The Cat Inside
- First edition
- Author: William S. Burroughs
- Illustrator: Brion Gysin
- Language: English
- Genre: Autobiographical
- Publisher: Grenfell Press
- Publication date: 1986
- Publication place: United States
- Media type: Print (Hardcover and Paperback)
- ISBN: 0-670-84465-9 (1992 edition)
- OCLC: 25201207
- Dewey Decimal: 813/.54 B 20
- LC Class: PS3552.U75 Z464 1992

= The Cat Inside =

Novel by William S. Burroughs

The Cat Inside is an autobiographical novella written by William S. Burroughs and illustrated by Brion Gysin. The book was first published by Grenfell Press in 1986 in an edition of only 133 copies; it was later reissued by Viking Press in 1992 in a mass market hardcover edition.

In the book Burroughs, a noted lover of cats, reminisces about the many cats in his life.
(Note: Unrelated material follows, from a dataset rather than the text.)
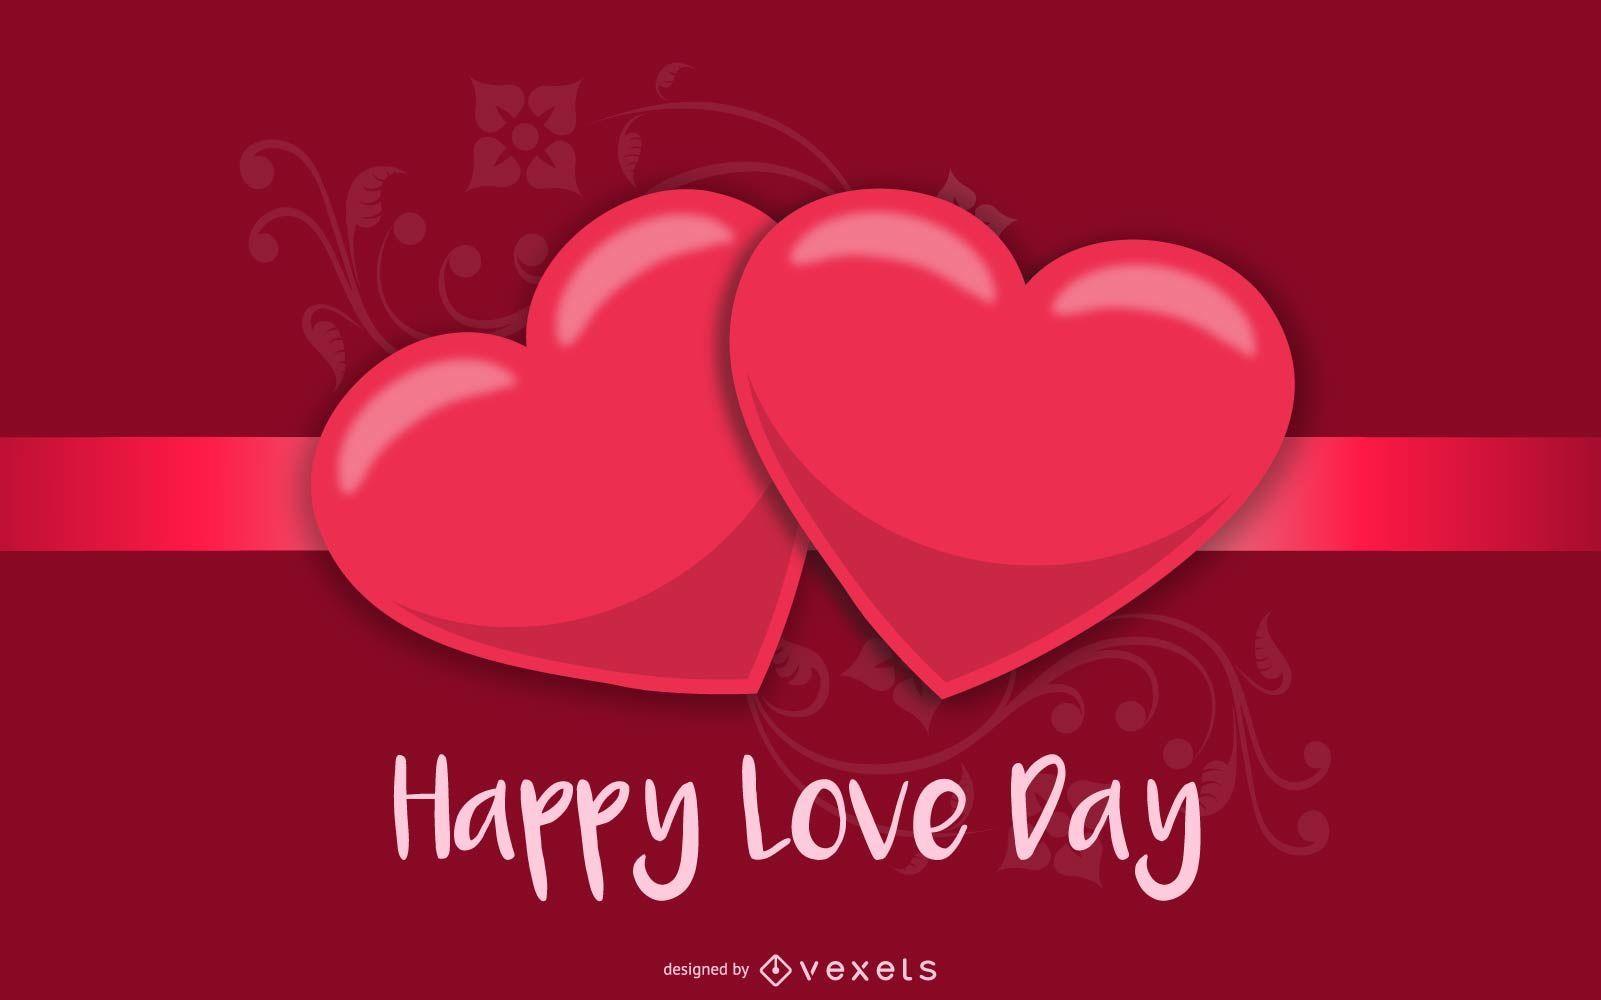 Glossy Red Valentine Greeting Card
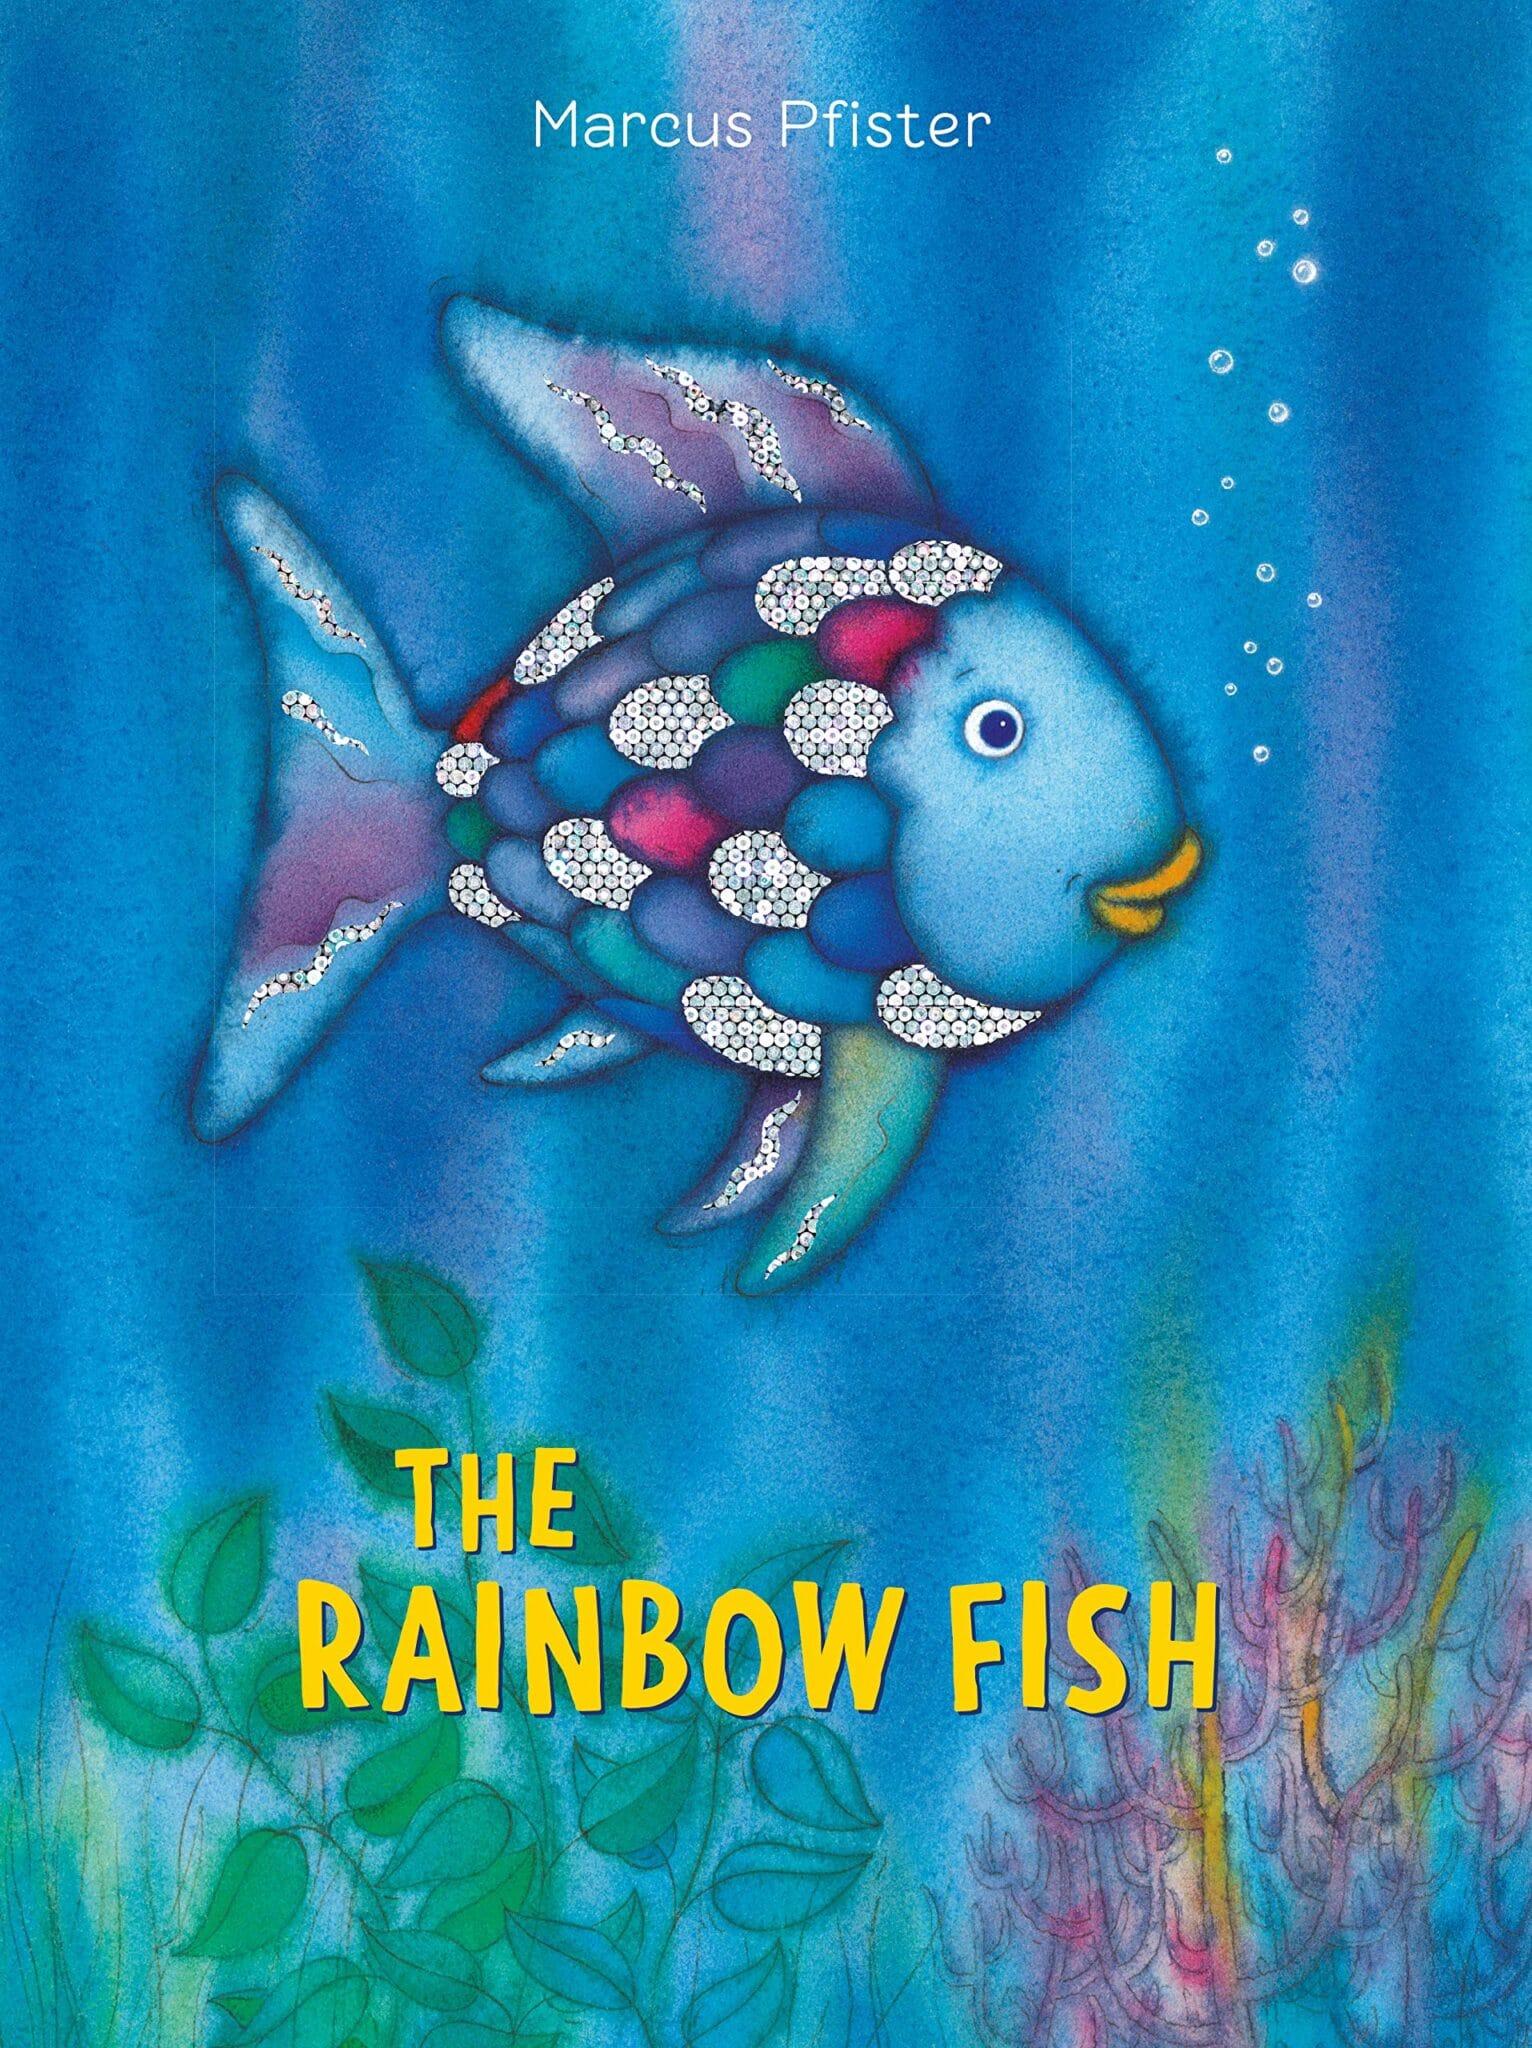 The Rainbow fish book

Gysin, a frequent collaborator with Burroughs dating back to the early 1960s, died in 1986, making this possibly the last work he did with Burroughs. Gysin is also referenced by name in the text.

Burroughs reads excerpts from the novella, "Kill the Badger!" and "Warning to Young Couples", on the albums Dead City Radio (1990) and Spare Ass Annie and Other Tales (1993).